Hi. The ELM.jl implementation of Extreme Machine Learning looks fun and the single example given on Github looks simple enough.
Is there any other documentation on how to use activation functions other than sigmoid, or perhaps even using a customised loss function?
If you look at the implementation (https://github.com/lepisma/ELM.jl/blob/master/src/base.jl), the type HiddenLayer
has an activation function, and only sigmoid
is implemented. It seems like you could initialize the hidden layer with other activation function defined by you. Have you tried this?

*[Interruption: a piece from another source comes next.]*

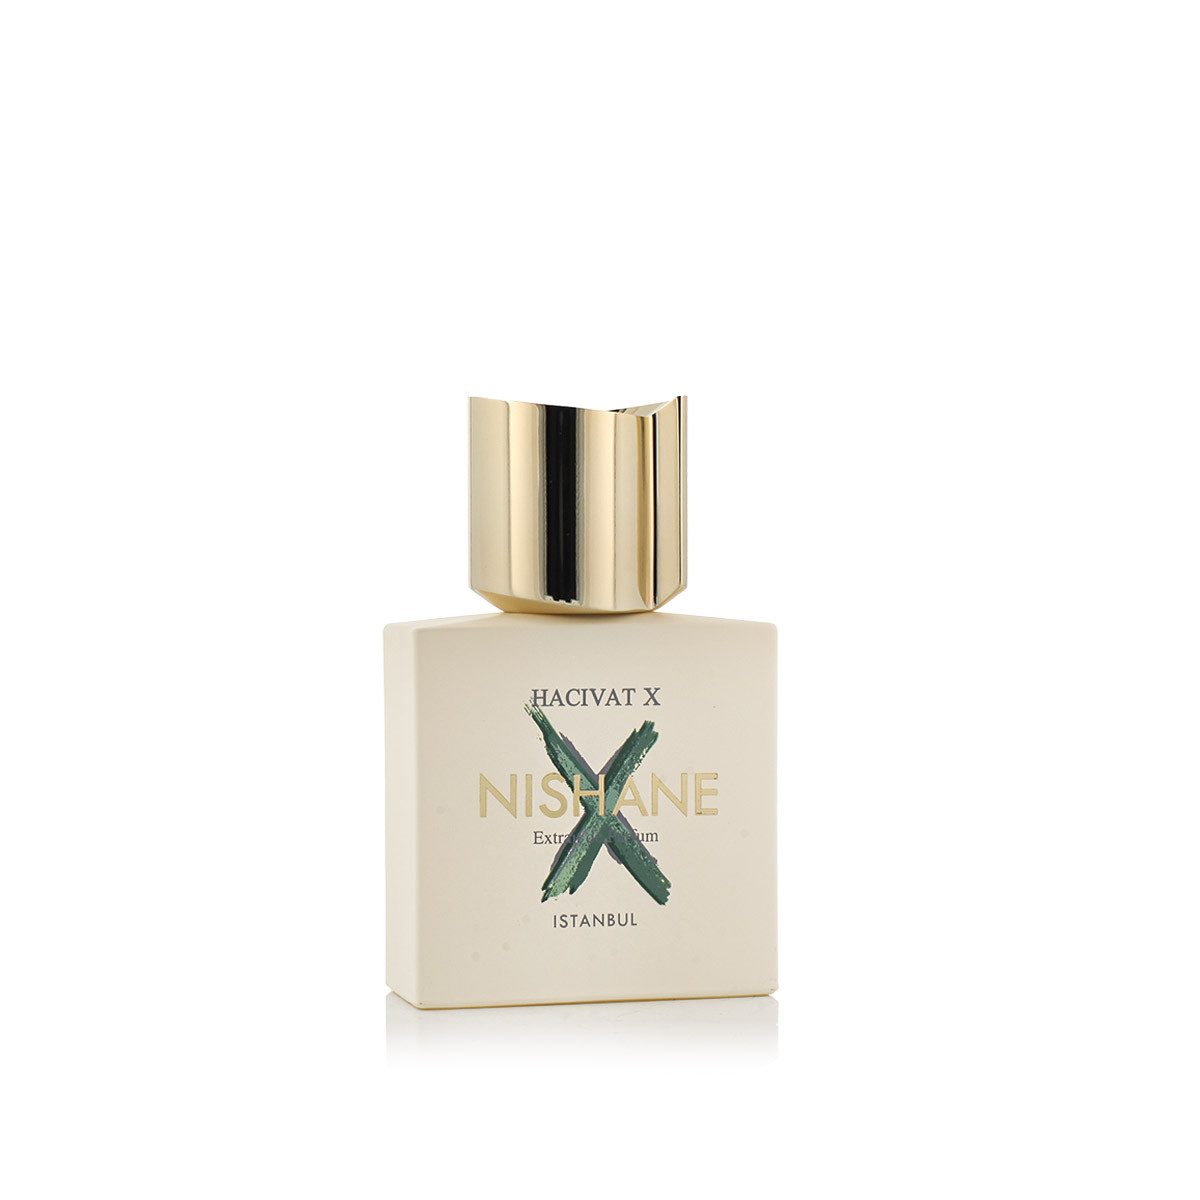 Nishane Extrait Parfum Hacivat X

Thanks. As it seems loadable as a package, I didn’t think of modifying the source. Also, I had wanted to use softmax, so a completely different architecture would be needed. Maybe I need to just regard this as an example and write my own from scratch.
It would be nice to be able to see how this compares with other methods for MNIST, for example (where images are vectorised).

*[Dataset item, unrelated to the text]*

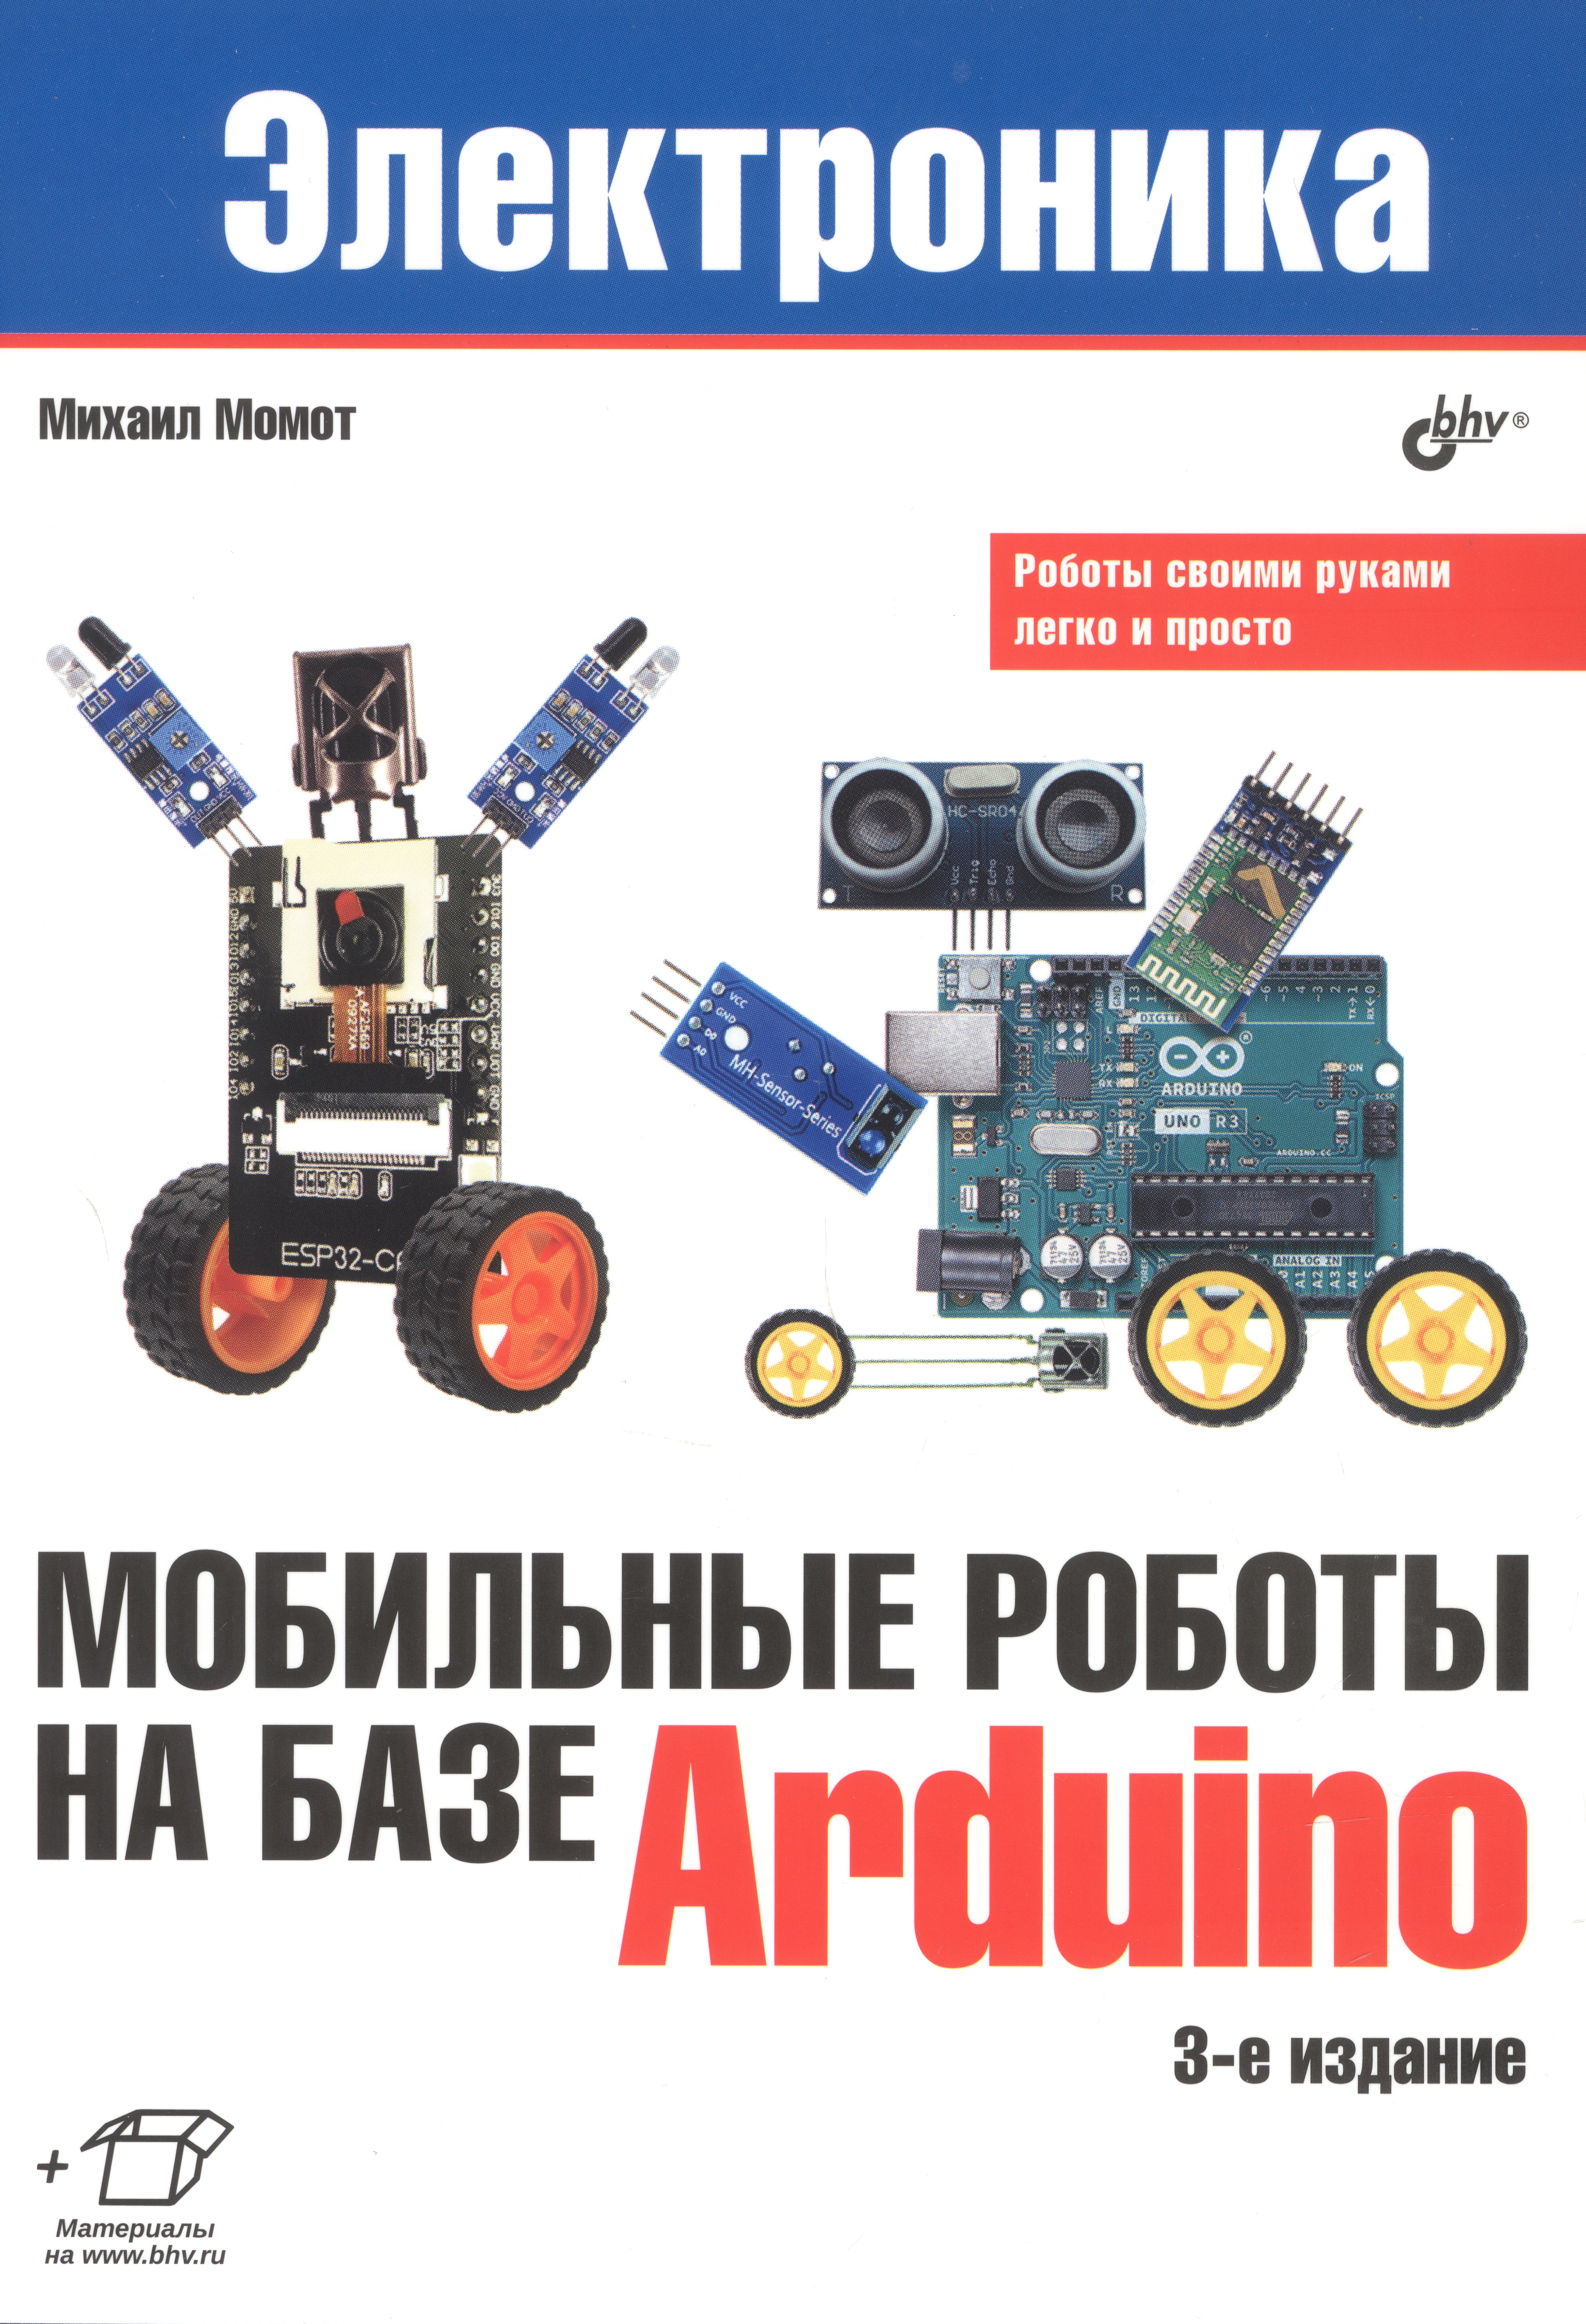 момот м мобильные роботы на базе esp32 в среде arduino ide Мобильные роботы на базе Arduino. 3-е издание

If you wanted too you could write your own ELM very easily.
You only need to adjust things if your data is too big to do an inverse of the covariance matrix iirc. Most people aren’t dealing with that. This implementation should let you swap out the activation function for whatever you want, so alternatively you could just use that package.
Thanks very much!
I guess this is even easier than I thought, though I would have thought that more sophisticated methods for scaling random weights and for regularised inversion with cross-validated hyper-parameters would work much better and not be too much more expensive.
Anyway, I guess I will find out!
Thanks again.
You can scale the weights. The ELM.jl package uses randomly uniform distributed weights between (-1,1) iirc. There’s probably dozens of papers on how scaling them certain ways worked better for some problems. My understanding is that they should be random normal, but yeesh I haven’t thought about ELM’s for a long time now.

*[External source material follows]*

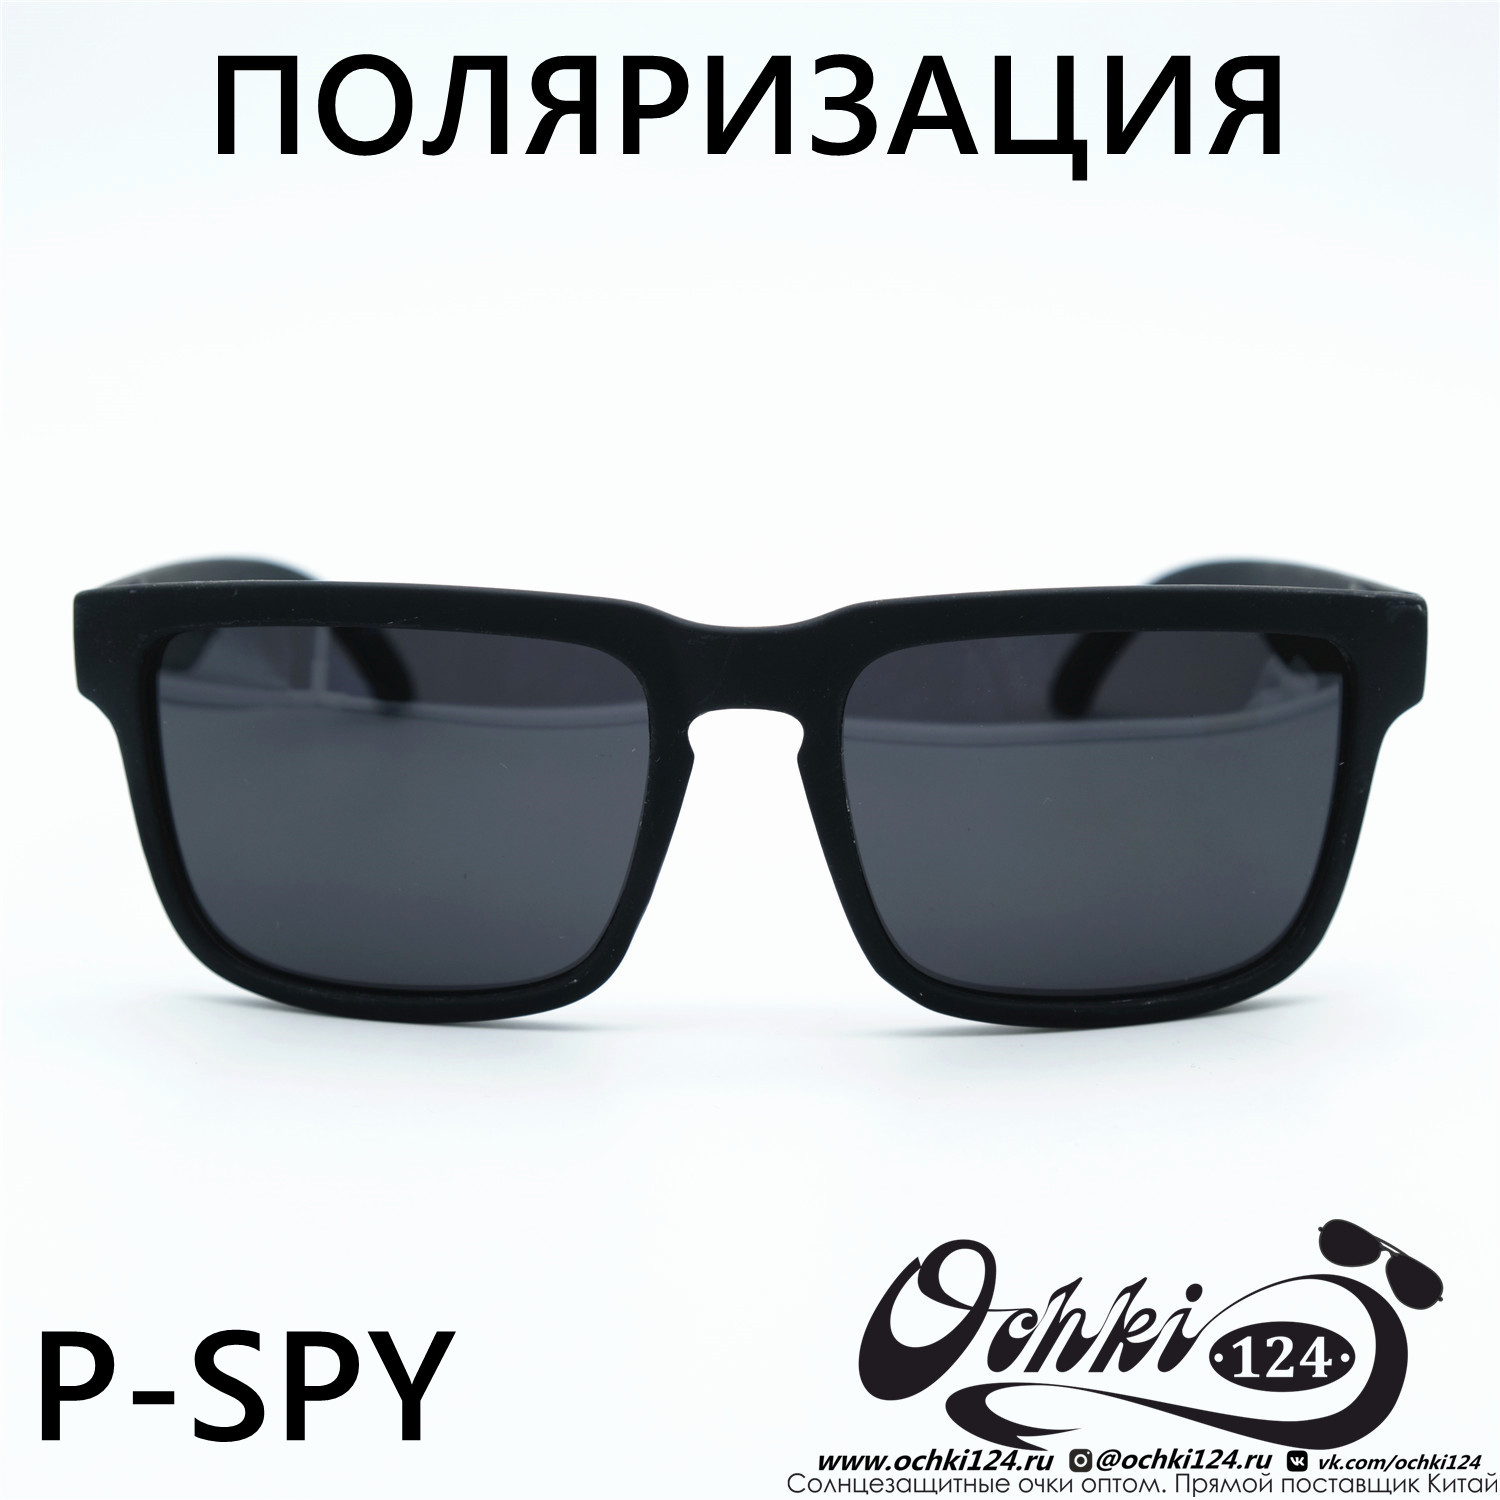  Солнцезащитные очки картинка Мужские MATRIUXT  Квадратные P-SPY-C5

You can also CV the hyper parameter IE the reservoir size. This function doesn’t do that for you but that package does have CV’s in it.
This function does only the implicit regularization of using a pseudoinverse (ridge parameter based on the spectral norm IIRC but fact check that). But you could copy pasta it and add a scalar to the diagonal if you want with a general inverse of the covariance.
Yea let us know if this works for you if not I know we can help. ELM’s are very simple.
It’s important to mention that, although ELM’s can be faster to compute they do, theoretically, provide the same optimal answer(barring random chance and reservoir size) as say a LS-SVM with a gaussian kernel after tuning. Also worth noting, LS-SVM’s are the same as kernel ridge regression with a bias term. So those options are also worth exploring. ELM’s sound cool because they are all Extreme, but really they are a sort of short cut too otherwise less random methods. That shortcut has a bit of a cost, but people doing some online learning stuff appreciate their speed. All of those methods should also be in ChemometricsTools.jl but I would imagine there are other implementations around the ecosystem by now. Maybe not though. If not check the shoot out script in that repository and add a CV loop or two if it’s not already there.
Thanks so much. I have done alot with SVM’s (written papers even). I am really just exploring ELM’s because I came across a reference to them, and I had somehow missed them along the way, and wanted to have a bit of a play.
I think it is neat when ‘quick and dirty’ gets you a good deal of the way along (this is good for showing students also!).
Yes, I was talking about tuning the ridge parameter (or maybe with a lasso one as well which might reduce dimension).
Thanks again!
SVMs are awesome I don’t care what anyone says :).
I’ve never seen LassoELM, but in reservoir learning its very common (say in echo state networks) to introduce sparsity in the weights. In general sparsity is good anyways :). LS-SVM is basically a short-cut to SVM’s, and they usually offer less sparsity than true SVMs do. That said, optimizing LS-SVM only involves linear regression so - it’s much faster. And also, undergraduates can write the code themselves! Maybe not understand the theory, but hey, maybe now days they could.
I wrote a projected gradient descent LASSO in a gist somewhere… But I think there are probably dozens of Lasso’s regressions out there in the Julia ecosystem now days :). Here’s a nice package for the classic way of doing LASSO: https://github.com/kul-forbes/ProximalOperators.jl/blob/master/demos/lasso.jl
Anyways, yea let us know if you have any troubles.
Thanks - you’ve given me lots to play with.
BTW, Convex.jl does Lasso in a flash, and only needs about 3 lines of code.
Always forget how nice these optimizer packages are. Thanks for the tip! It’d be fun to test the results of say convex.jl with the old school approaches for efficiency, but too many balls in the air right now.
Maybe I’m too late to the party, but CLIMA’s GitHub - CliMA/RandomFeatures.jl: Modular random feature approximation in Julia hosts different random feature models.